How will Artificial Intelligence Drive the Growth of Future Data Centers?
Artificial Intelligence (AI) has been around for quite some time now, disrupting businesses and sectors with its capabilities to boost performance and bring in operational efficacies. The data center industry is no exception. In today’s time, data holds a huge significance for any organisation, and what’s equally important is managing that data effectively. Once filtered and crunched, the harvested data proves vital to making strategic business decisions for companies. Hence, companies are investing in advanced automation tools for data processing and migrating to hyperscale data centers to upgrade their IT infrastructure. Explosion of data in recent years has led hyperscalers to innovate and deploy AI technologies in their facilities to handle tasks autonomously.
The use of automation technologies in data centers is hardly new. For example, Google has explained the use of DeepMind AI for cooling. However, companies are yet to leverage AI/ML to the fullest. Factors such as distrust in technology have obstructed many organisations to take a leap towards AI. While the most known use cases for AI deployment in data centers are temperature control and predictive maintenance, AI’s potential to enhance the efficiency of a data center infrastructure is far more than widely known. Let’s look at some use cases of AI in data centers that will change the future of the industry.
As data center workloads move upward with an increase in data, many businesses are looking towards AI to boost efficiency and cut expenses. AI can be used to determine the workload movement in a hybrid setting in real-time to the most efficient infrastructure that could be cloud, on-premise or edge infrastructure. As AI makes its way into the data center industry, organisations are adopting innovative approaches to handle their data to allow more use of robust AI techniques and analytics.
Gartner predicts that by 2025, 70% of organisations will shift their focus from big to small and wide data; this will facilitate more context for analytics and make AI less data-hungry. Small data approach provides useful insights with fewer data, whereas broad data offers analysis performed on various large, unstructured data in diverse data formats. Together, both approaches allow advanced analytics and AI, reducing the reliability of big data.

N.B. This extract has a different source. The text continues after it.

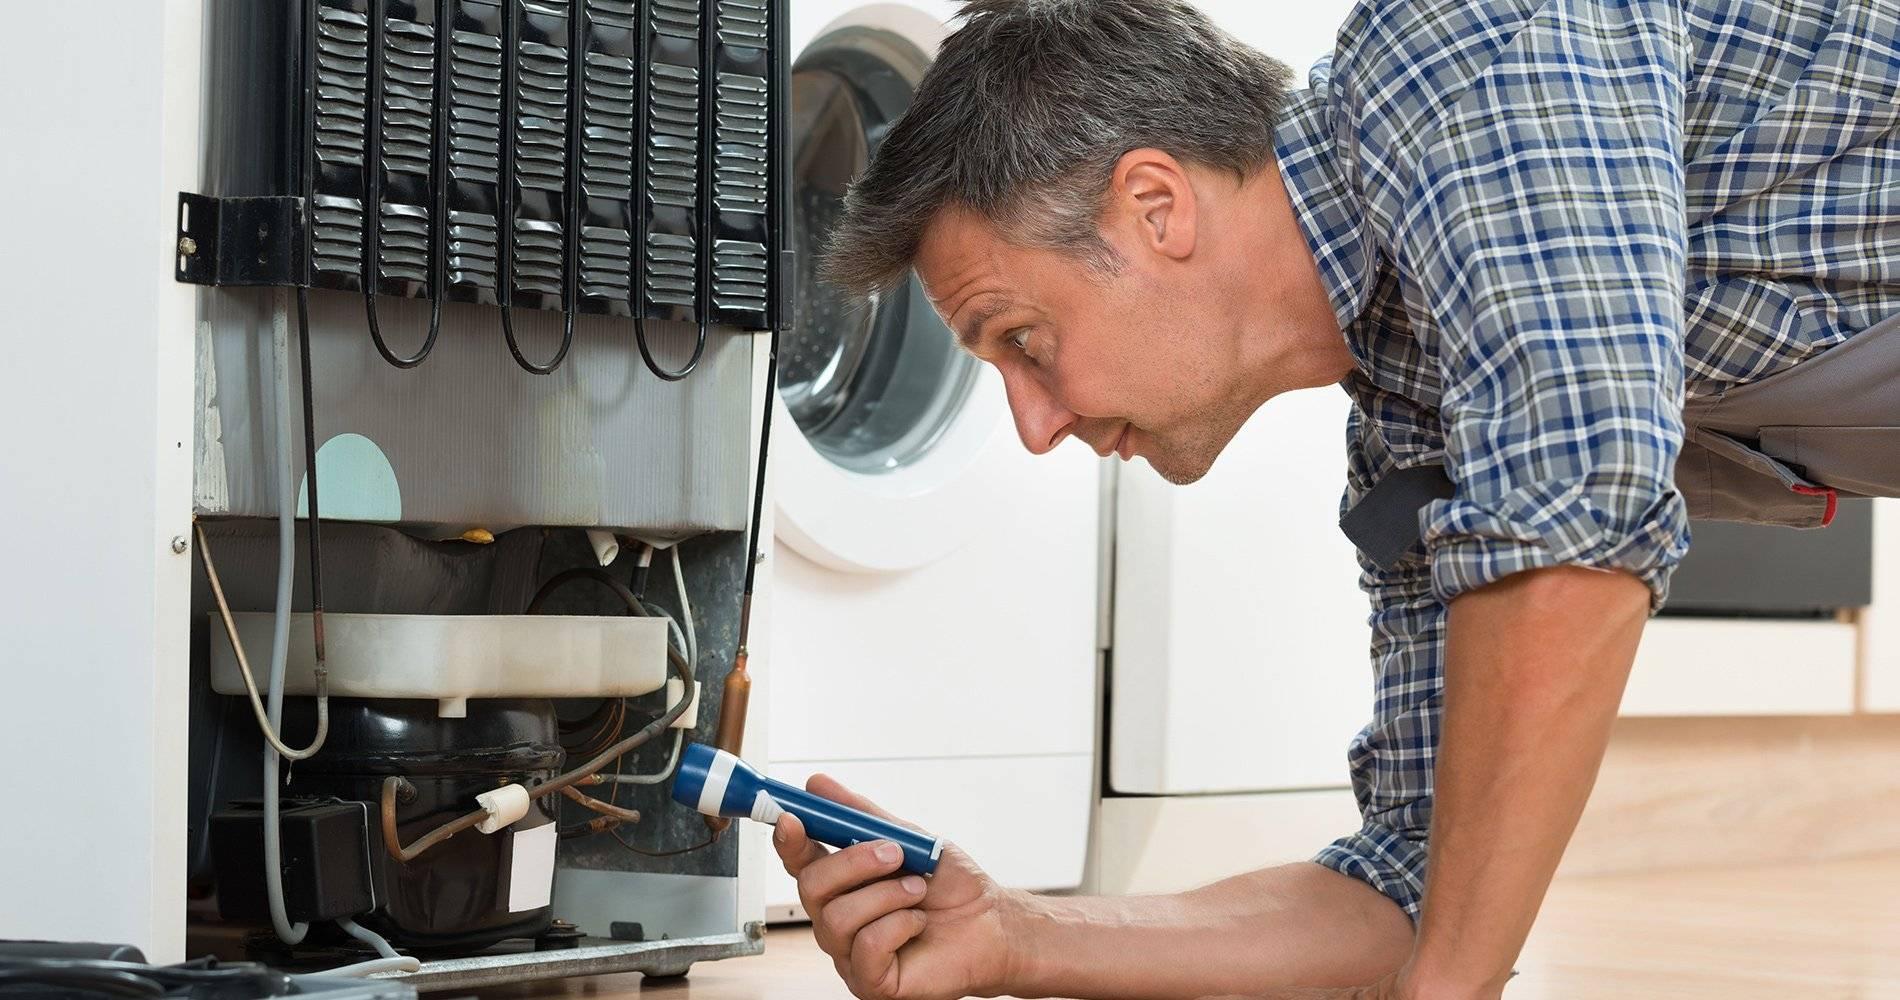 Почему холодильник постоянно работает?

Mitigating people shortage
Automated technologies in data centers promise less human intervention in regular and repetitive tasks. It frees up staff from mundane activities such as storage optimisation, cooling distribution, security settings and so on and allows them time to focus on more critical issues. It not only achieves greater efficiencies but also reduces the risk of human errors while handling complex and diverse workloads. For example, at our Yotta NM1 data center, in case of a leakage in a chiller pipe, a sensor-enabled Leak Detection System not only diagnoses the leakage but also mitigates the problem in real-time without manual intervention. Upon detection of leakage in the chiller pipeline, the system automatically diverts the water flow from an alternate pipeline. All this can be managed without running the risk of downtime in the data center. Automation is creating a pathway for data centers to go from reactive to preventative, leading to predictive.
Maximising power efficiencies
Power consumption is one of the most critical issues for data centers across the globe. Energy costs surge by at least 10% every year; its increased use in high-density servers is also not sustainable for the environment. Deploying AI/ML technologies can be a solution to the increased energy use in data centers. Systems in data centers generate significant heat; traditionally, air conditioners, chillers, water pumps are controlled by Building Management System (BMS) to keep the temperature in check. However, it is not energy efficient. AI-based power management can help optimise cooling systems by analysing historical data and creating a Power Usage Effectiveness (PUE) prediction model, cutting power costs and improving efficiency.
In a hyperscale data center, where several events occur together, it is nearly impossible for humans to monitor and alert everyone in case of threat situations. AI-powered tools have proven useful in such areas. For example, image and sound recognition capabilities are being used widely to enhance the physical security of a data center facility; AI analytics is being used as a video surveillance solution to make sense of data collected by security cameras. Machine Learning techniques are also being leveraged for anomaly detection, where the system is trained to identify usual patterns and detect the irregular ones.
For example, again, at our Yotta NM1 data center, we have AI integrated security cameras keeping an eye over critical locations. These cameras will raise a ticket to the security control room of the data center if they detect more than 10 people gathered at the front gate or if they detect an unattended object in the premises for a certain period of time. Without automation, it would take hundreds of security personnel to watch over the physical security of the data center 24/7, which can often span into acres. This technique is also helpful in predictive analysis, where the AI system flags off any unusual occurrence in advance to be checked before a system completely breaks down. Hence, data center security can be strengthened by using AI for self-learning threat detection and monitoring algorithms.
Data centers of the future will certainly be more AI dominant, and almost all functions in the facility will be automated. Though these technologies are only in the hands of a few large hyperscalers and enterprises, they will soon trickle down to other data center players as technology upgrades, trust grows, and costs are cut down. Moreover, given the digital adoption accelerated by the pandemic, these advancements will be seen in practice sooner than later.